Markdown Optimisation with Reinforcement Learning: A Retailer’s Playbook

We trained an RL agent on 3 seasons of clearance data. Here's what it learned — and how you can replicate this approach with Oracle Retail Planning Cloud.

Clearance markdown is one of the most critical decisions in retail — and one that is still largely driven by intuition.

Most retailers rely on fixed discount strategies:
20% in week one, 30% in week two, 40% in week three.

While simple, this approach often leaves significant margin unrealized.

Reinforcement learning introduces a smarter alternative. Instead of fixed rules, an RL agent learns a dynamic pricing strategy based on real-time conditions such as inventory levels, demand patterns, store performance, and time remaining in the clearance cycle.

The goal is simple:
maximize sell-through while preserving margin.

Callout

Dataset Used:
3 seasons of clearance data
180 stores
14,000+ SKUs
~2.4 million item-store observations

The model was trained using reinforcement learning techniques on cloud infrastructure and integrated into retail planning systems.

What the Model Learned

The model quickly diverged from traditional pricing strategies.

Instead of applying uniform discounts:

It held prices longer for products with stable demand
It applied aggressive discounts earlier for trend-driven items
It adapted pricing strategies based on store location and customer behavior

This resulted in a more nuanced and effective pricing strategy.

Performance Improvements

Increased margin recovery
Higher sell-through rates
Reduced leftover inventory

The biggest takeaway:
Different products and stores require different pricing strategies — a one-size-fits-all approach does not work.

Integration with Planning Systems

The model generates weekly pricing recommendations for each product and store.

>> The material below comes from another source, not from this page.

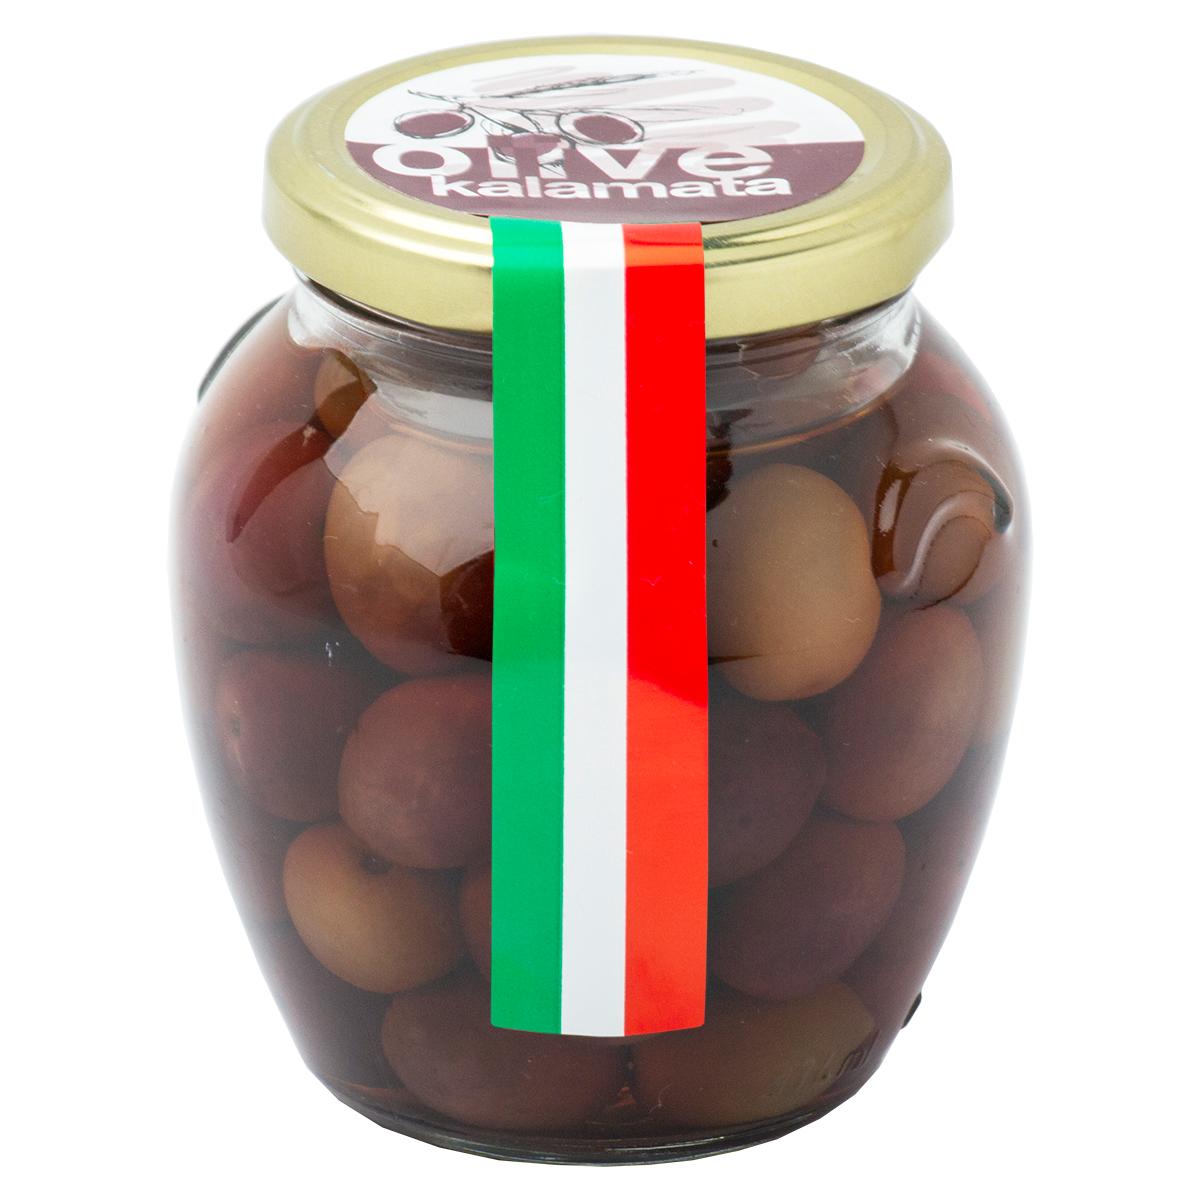 Оливки Cezoni kalamata консервированные с косточкой, 290 гр., стекло

These recommendations can be:

Reviewed by planners
Adjusted if needed
Applied through existing planning workflows

This ensures a balance between automation and human control.

Implementation Approach

Phase 1 — Data Preparation

Define inputs such as inventory levels, pricing history, demand signals, and external factors.

Phase 2 — Model Training

Train the model using historical data to learn optimal pricing strategies.

Phase 3 — Testing (Shadow Mode)

Run the model alongside existing processes without affecting live operations to validate performance.

Phase 4 — Deployment

Integrate the model into live systems with monitoring and feedback mechanisms.

The Human Factor

Adopting advanced models in retail requires trust.

Experienced buyers may hesitate to rely on automated recommendations, especially when decisions directly impact revenue.

The solution is not replacing human decision-making but enhancing it:

Provide clear reasoning behind recommendations
Allow easy overrides
Continuously improve the model using feedback

The best results come from combining human expertise with data-driven intelligence.

Conclusion

Reinforcement learning offers a powerful way to modernize markdown strategies.

By moving beyond fixed discount rules and embracing adaptive pricing, retailers can significantly improve both profitability and operational efficiency.